In walked these two gentlemen who were clearly on a mission to find a particular book. Which should’ve been right where I was standing. But wasn’t. Of course. And it’s a used bookstore and they’re usually kind of busy and they’re by nature a little disorganized so I usually look two or three times and try random leaps of logic to try to look in other places that it just might have possibly ended up through some twist of fate. But these two gentlemen were being extremely thorough, even by those standards. And they were all up in my space, you know? I suppose at some point my comfort bubble got a bit bent because myopic, fucking overly polite me, I stepped back and started squinting at the books from afar so as to give these dudes the prime scifi section real estate, goddamn it. Because clearly they felt that their used bookstore experience was of a higher priority than mine.

One guy gave me the thank you nod (manners props to Dude #1!) and the other guy. Ooh, the other guy. Homeboy looked like Comic Book Guy’s, geekier more UV avoidant cousin (can you make fun of Simpsons characters for being pale? Does that even work? Fuck, I’m brainfried, just let it go). And you know, I don’t give a shit what people look like, I really really don’t. But sometimes you can just spot them from a mile away. Those haughty kind of LARPier-than-thou sorts of guys. They fall within a bell curve. They usually resemble the bell curve, as a point of interest. So this walking fucking stereotype, this caricature of a human being, gave my books the “I’m obviously being nosy about your books but it’s ok because we’re in a bookstore” head-tilt eyeball situation. And giggled. More of a giggle/scoff, really. A gloff, if you will.

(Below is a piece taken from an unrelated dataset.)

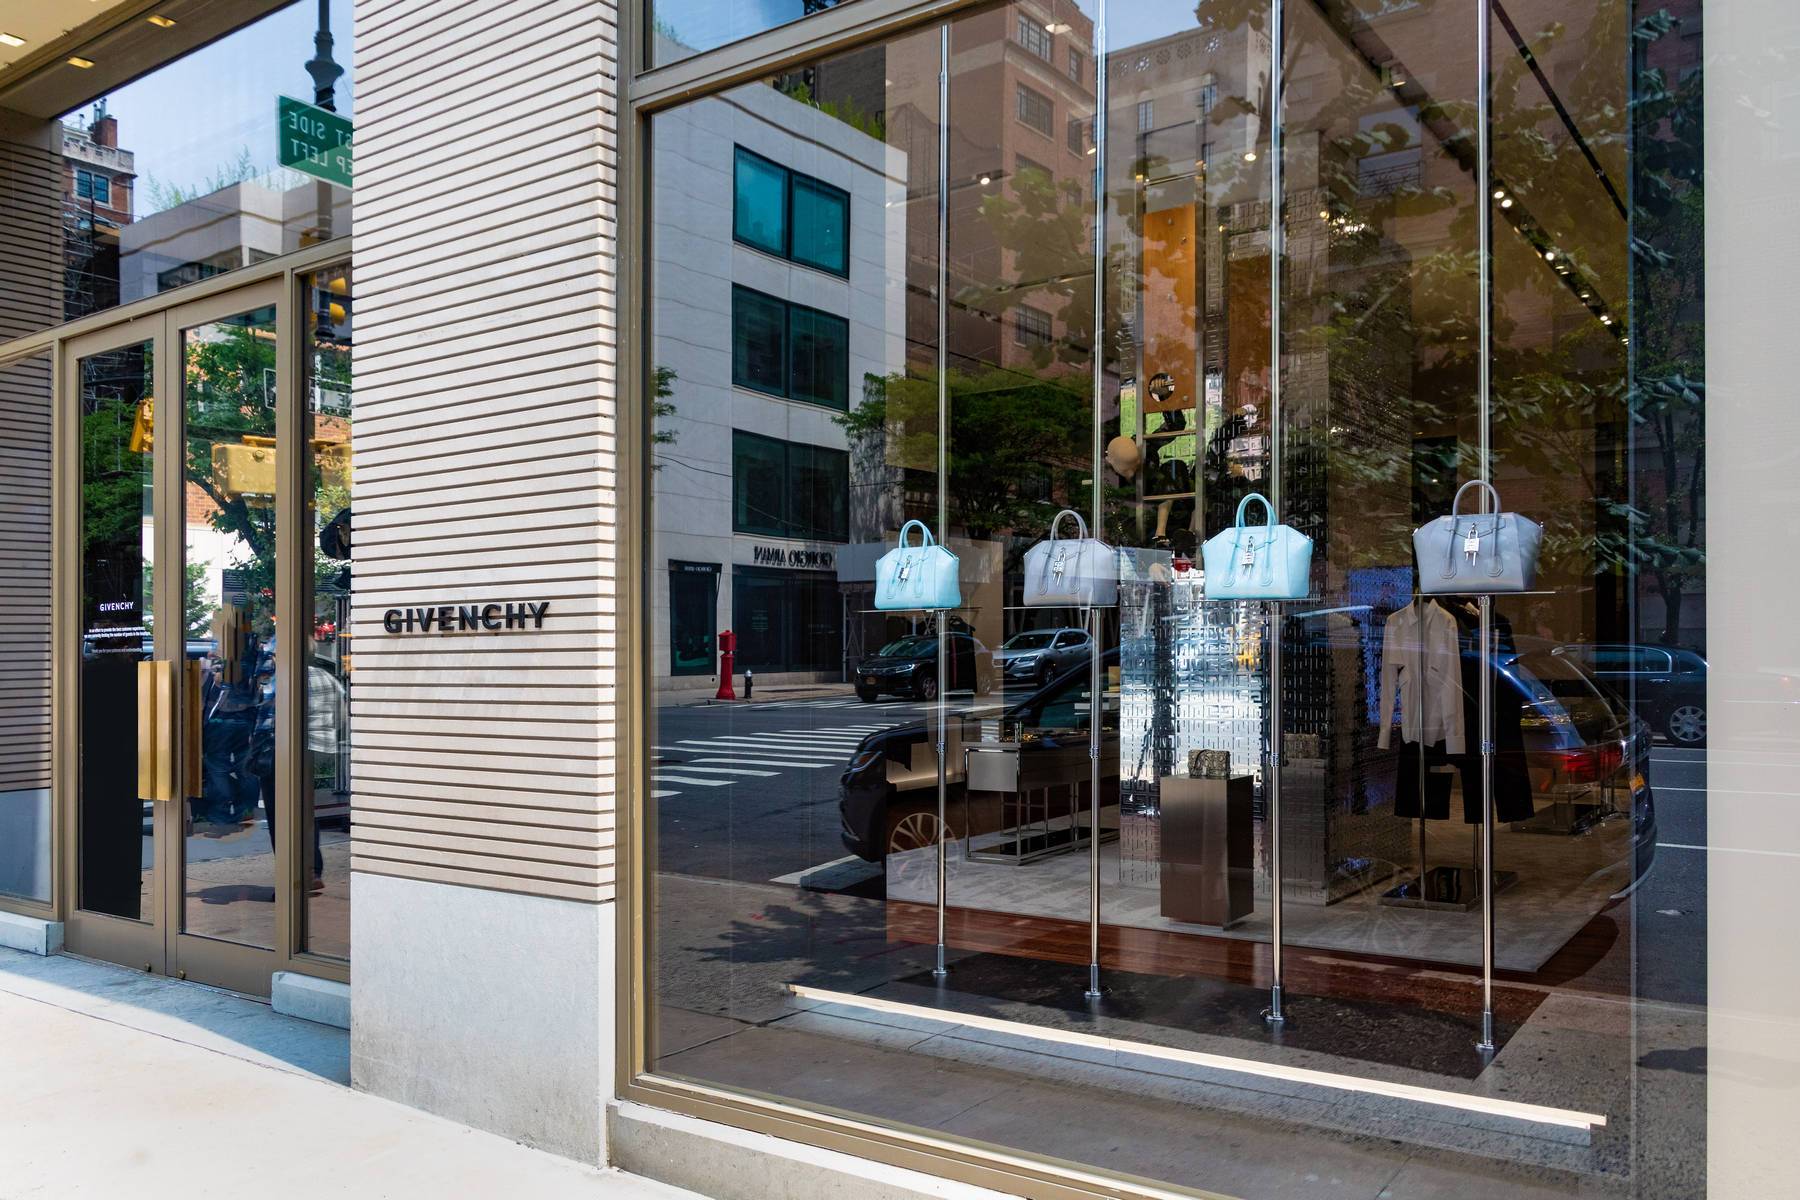 Givenchy storefront

At this point I should’ve asked him “What the hell, bro?” And just intimidated the shit out of him with my meaty social prowess and skillful altercation-starting skills. But those things aren’t real, you see, so I was left in this weird state of not knowing what had just happened or how to feel about it. Which is how I feel most of the time when I deal with other humans. Also why I moved to the middle of nowhere to a county that literally has more bears than people. That’s statistics. Look it up.

Because that gloff had the stink of superiority to it. And I don’t know why. I’m bothered by this not knowing (grammar what?). Are these four really important scifi classics not good enough for Dude #2? Because that’s bullshit. Maybe he was just a fantasy geek who scoffs at scifi in general, but then why the rudeness trying to get past me to the scifi books? Or was he laughing because he assumed I hadn’t read them (three of them I had, I just didn’t own my own copies, for the record)? In which case the proper etiquette of nosy bookstoreness would be to say “Hey, those are really good books” not “You mean you’re in your thirties and you haven’t read those yet?” Or maybe (because we need at least one optimistic prospect) he was thrown off by my being a girl in the scifi section at all and couldn’t think of anything to say that was polite so he opted for the idiot gloff instead. Any of these things is possible.

Anyway. I guess it’s just a mystery. Damn, there’s really no good way to end that story. It was a frustrating nerd moment, you know? I’ve let it roll off my back. After I stopped myself from chasing him down the street screaming “Why?! Why?!” Then I let it roll off my back. I’m not particularly good with people. So, if we need to find a moral here: be nice in bookstores, ok?